On Mon, Jun 22, 2020 at 03:28:09AM -0400, Qian Cai wrote:
>
>
> > On Jun 22, 2020, at 2:42 AM, Dmitry Vyukov <dvyukov@xxxxxxxxxx> wrote:
> >
> > There is a reason, it's still important for us.
> > But also it's not our strategy to deal with bugs by not testing
> > configurations and closing eyes on bugs, right? If it's an official
> > config in the kernel, it needs to be tested. If SLAB is in the state
> > that we don't care about any bugs in it, then we need to drop it. It
> > will automatically remove it from all testing systems out there.
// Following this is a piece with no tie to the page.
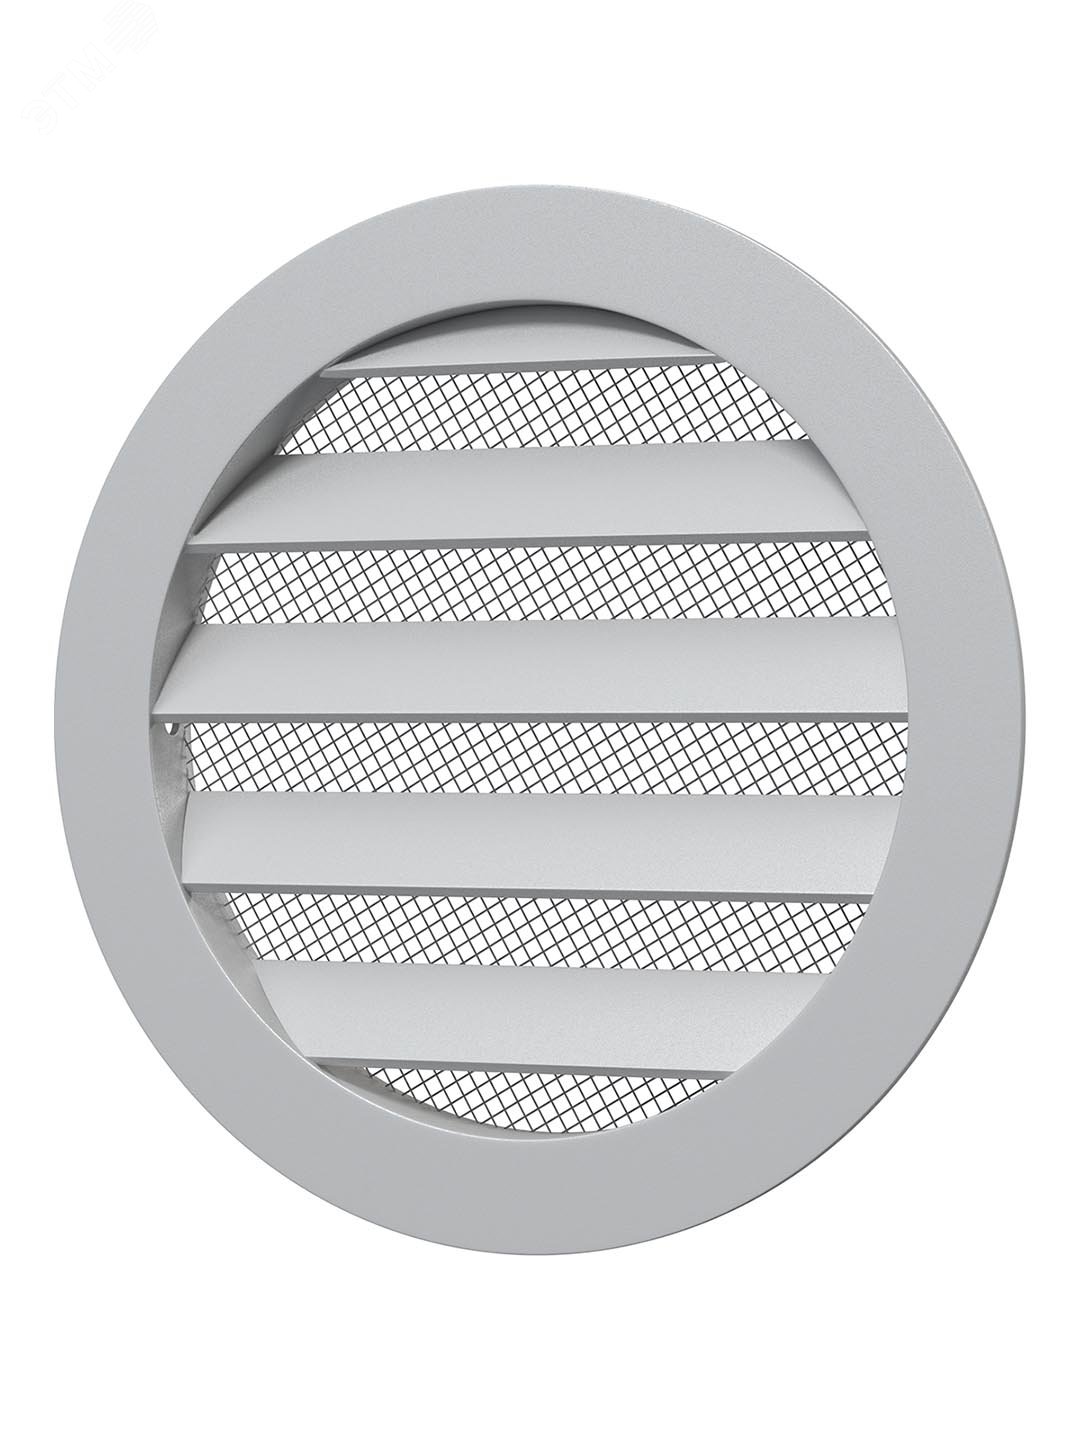 Решетка вентиляционная круглая D125 алюминиевая с фланцем D100 10РКМ ERA - превью

Or at
> > least make it "depends on BROKEN" to slowly phase it out during
> > several releases.
>
> Do you mind sharing whatâs your use cases with CONFIG_SLAB? The only thing prevents it from being purged early is that it might perform better with a certain type of networking workloads where syzbot should have nothing to gain from it.
>
> I am more of thinking about the testing coverage that we could use for syzbot to test SLUB instead of SLAB. Also, I have no objection for syzbot to test SLAB, but then from my experience, you are probably on your own to debug further with those testing failures. Until you are able to figure out the buggy patch or patchset introduced the regression, I am afraid not many people would be able to spend much time on SLAB. The developers are pretty much already half-hearted on it by only fixing SLAB here and there without runtime testing it.
>

This bug also got reported 2 days later by the kernel test robot
(https://lore.kernel.org/lkml/20200623090213.GW5535@shao2-debian/).
Then it was fixed by commit 437edcaafbe3, so telling syzbot:

#syz fix: mm, slab/slub: improve error reporting and overhead of cache_from_obj()-fix

If CONFIG_SLAB is no longer useful and supported then it needs to be removed
from the kernel. Otherwise, it needs to be tested just like all other options.

- Eric